We conduct comprehensive experiments on eight math word problem datasets, including AddSub, SingleOp, MultiArith, SingleEq, SVAMP, GSM8K, GSM-IC2-1K, and GSM-ICM-1K. We compare our method with six baseline methods: Direct, Zero-Shot-CoT, Plan-and-Solve (PS), Manual-CoT, Auto-CoT, and Progressive-Hint Prompting (PHP-CoT). The Direct baseline concatenates a question with the prompt ''The answer is'' as the LLM input. We use text-davinci-003 as the backend large language model, which is one of the most widely-used LLMs with public APIs. The few-shot baselines, including Manual-CoT, Auto-CoT, and PHP-CoT employ demonstration examples as suggested in the original papers. Regarding the evaluation metric, we use accuracy to evaluate the performance of MWP solving.

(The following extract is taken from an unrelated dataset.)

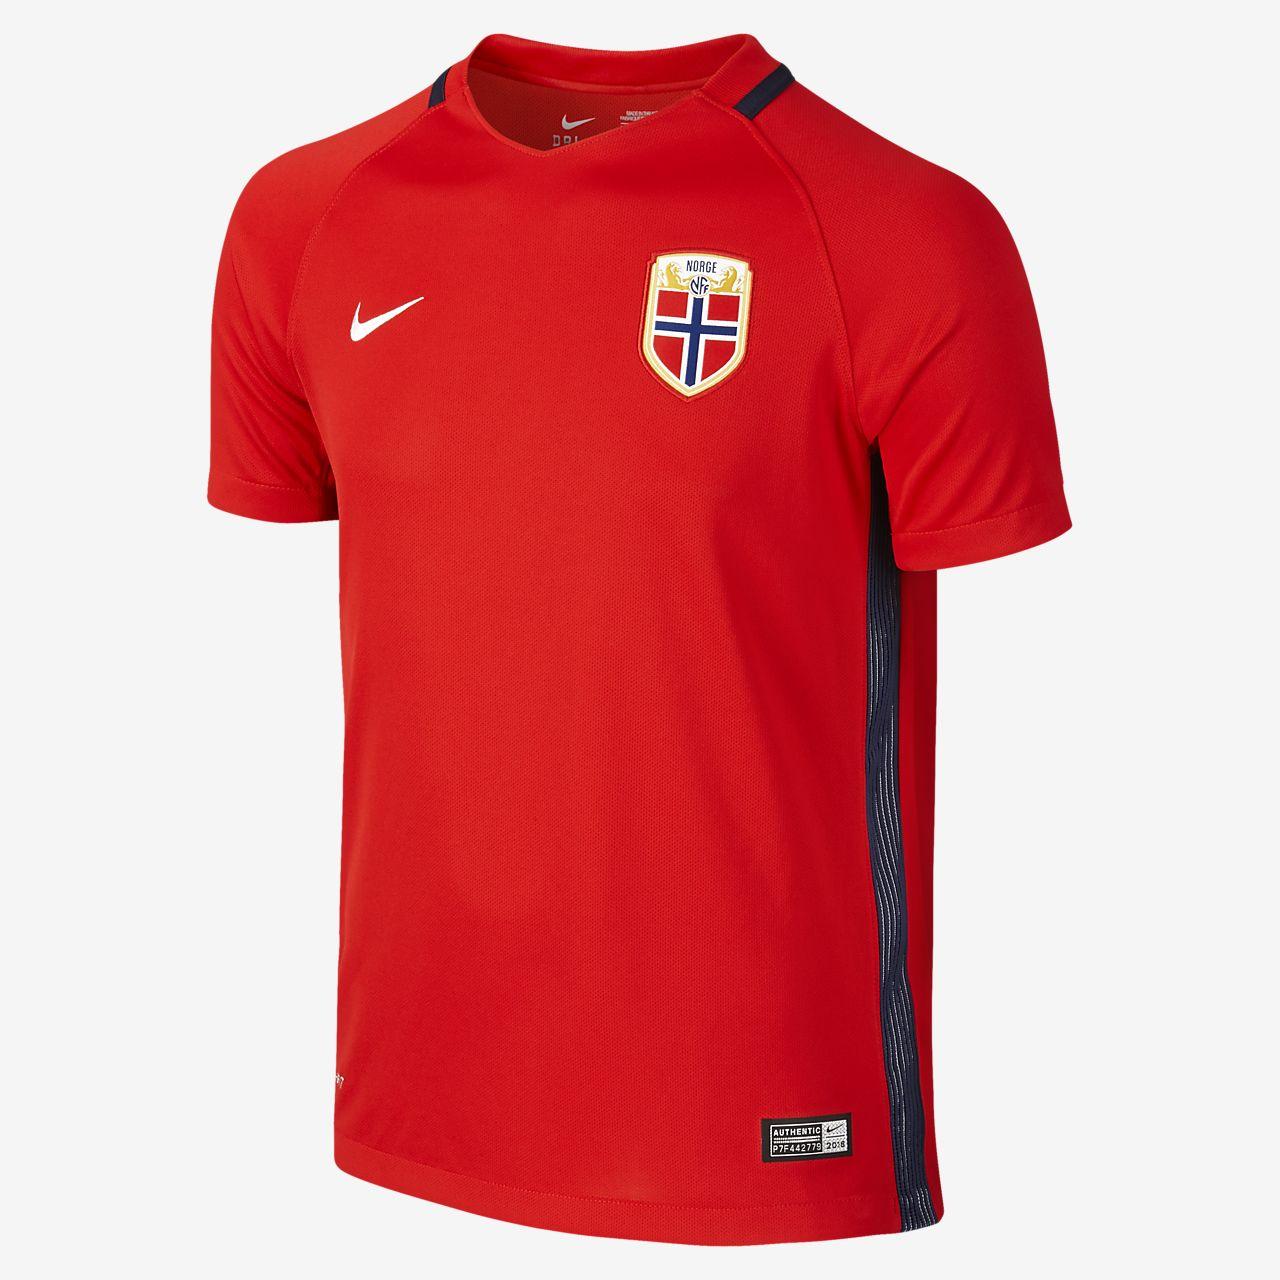 2016 Norwegen Stadium Home Fußballtrikot für ältere Kinder (XS–XL) (122–170 cm)

Method (text-davinci-003) | AddSub | MultiArith | SVAMP | GSM8K | SingleEq | SingleOp | GSM-IC2-1K | GSM-ICM-1K | Average |
Direct | 89.3 | 25.8 | 65.2 | 15.0 | 84.6 | 92.1 | 22.8 | 9.0 | 50.5 |
Zero-Shot-CoT | 84.8 | 87.0 | 74.3 | 60.8 | 89.5 | 89.1 | 70.7 | 62.5 | 77.3 |
PS | 88.1 | 87.2 | 72.0 | 58.2 | 89.2 | 89.5 | 70.9 | 63.5 | 77.3 |
PRP (Ours) | 94.7 | 96.3 | 86.2 | 73.6 | 96.5 | 96.1 | 93.1 | 87.1 | 90.5 |
Manual-CoT | 87.8 | 91.5 | 76.7 | 56.9 | 91.3 | 93.7 | 73.9 | 60.6 | 79.1 |
Auto-CoT | 90.6 | 95.1 | 77.8 | 58.9 | 90.9 | 94.4 | 74.3 | 65.2 | 80.9 |
PHP-CoT | 91.1 | 94.0 | 81.3 | 57.5 | 93.5 | 94.5 | 75.3 | 60.9 | 81.0 |
Accuracy comparison on eight MWP datasets. The best and second best results are boldfaced and underlined, respectively. All indicators are presented in percentages.